Poczuł dłoń Juliet na swoim ramieniu i całe jego ciało przeszedł miły dreszcz. -Nie, nic się nie stało.-Powiedział po czym dodał po chwili.- Chociaż nie. Chodzi oto, że jesteś bardzo ładna, i..ja się trochę boje, że mnie spławisz.-Mówiąc to chciał patrzeć jej prosto w oczy, lecz zamiast tego uporczywie gapił się na jedną z chmur.
-Nie musisz się tego bać. jesteś bardzo miły i wo gule...słodki-jej twarz zarumieniła się Nie wiedziała czy dobrze ujęła to co chciała powiedzieć. Spojrzała na niego i nie śmiało pogłaskała wolną ręką jego policzek. Miała cichą nadzieje że się do niej nie zrazi po tym co w tym momęcie zrobiła.
-Dzięki.-Ledwo to z siebie wydusił, ponieważ nie mógł się skupić gdy go dotykała. ...Mam nadzieje, że się nie zarumieniłem> Mam już dość gaf jak na jeden dzień.-Pomyślał. Chciał jakoś odwzajemnić ten mily gest lecz nie wiedział jak. Po chwili jednak objął ją delikatnie w pasie.
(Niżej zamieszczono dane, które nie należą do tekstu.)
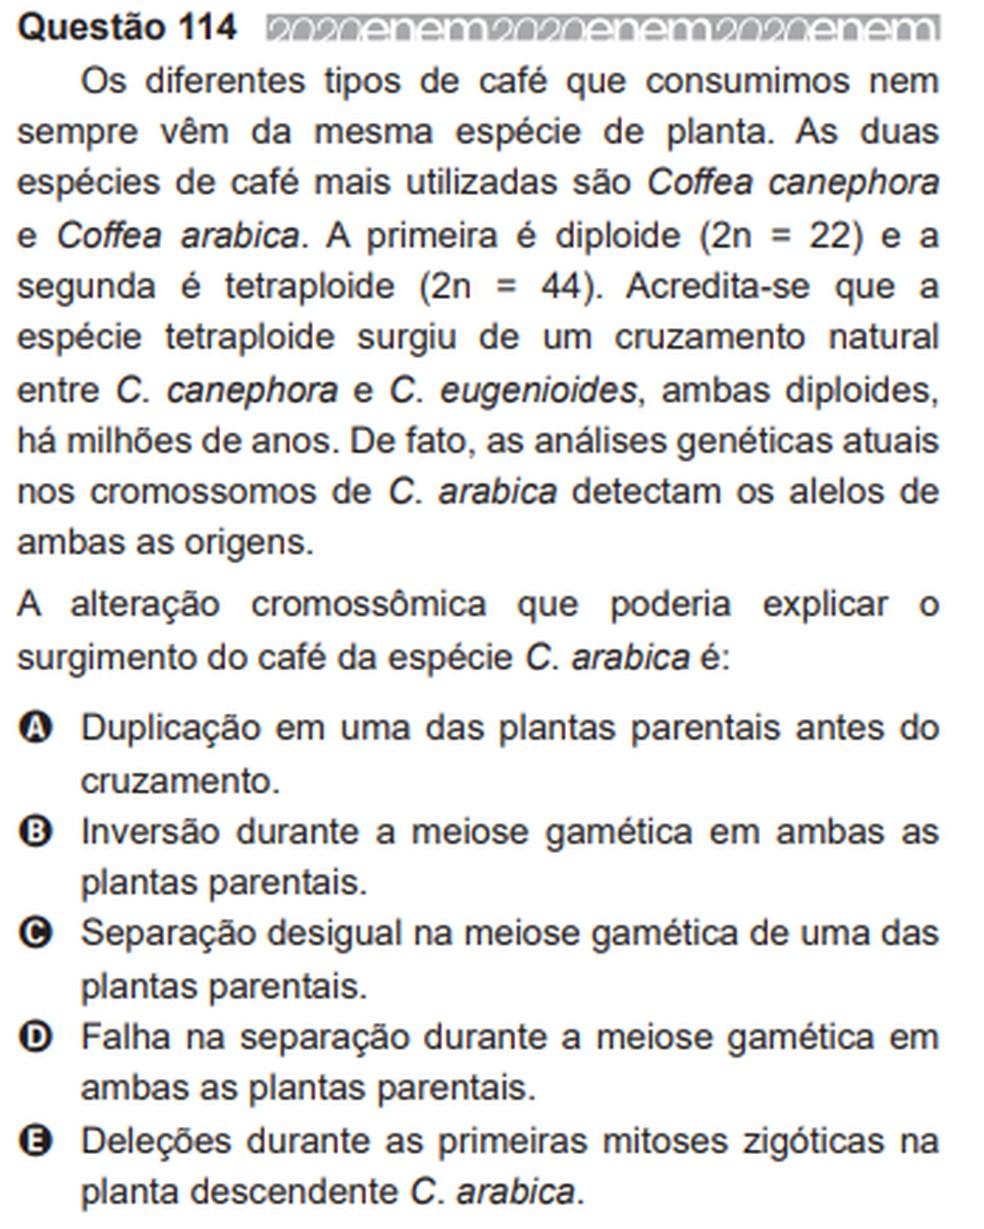 Inep anula questões do Enem 2020: na imagem, questão de ciências da natureza abordava a alteração cromossômica no café arábica — Foto: Reprodução/Inep

Uśmiech dziewczyny tylko się powiększył wraz z rumieńcem. Nie wiedziała co ma zrobić czuła się sparaliżowana. Wiatr muskał co chwile jej włosy, które drażniły twarz Adriana. Spojrzała mu głęboko w oczy, ale nie mogła nic powiedzieć. ,,To jest bardzo dziwne'' myślała. Czując jego ręce oblatane wokół jej pasa. -Wież...fajnie nawet się tak siedzi prawda? ,, Ty idiotko. Co ty pleciesz'' wyzwała się w myślach.
Uśmiechnął się lekko. -Tak, bardzo fajnie....I bardzo w moim stylu. Czul teraz radość i piękny zapach. -Jakich perfum używasz?-Zapytał. -Taak, to na pewno było inteligentne pytanie, cymbale-skarcił się w myślach.
Dziewczyna za chichotała, ale po chwili odpowiedziała na jego pytanie: -VERSACE BRIGHT CRYSTAL nic specjalnego Czuła się trochę pewniej, ale nie do końca. Nie miała pojęcia o czym mogła by z nim porozmawiać. Obawiała się że Adrian wreście się znudzi tym milczeniem i odejdzie. -O czym chciał byś pogadać? ,,No zawsze jakoś się zacznie'' pomyślała
-O czym chce pogadać? Najwyraźniej znudziła się tą ciszą. Cóż, trzeba coś wymyślić..-Pomyślał. -Hmm...Chciałbym dowiedzieć się czegoś więcej o tobie. Nie miał już oporu by patrzeć jej prosto w oczy, gdy ja obejmuje czuje się pewniej.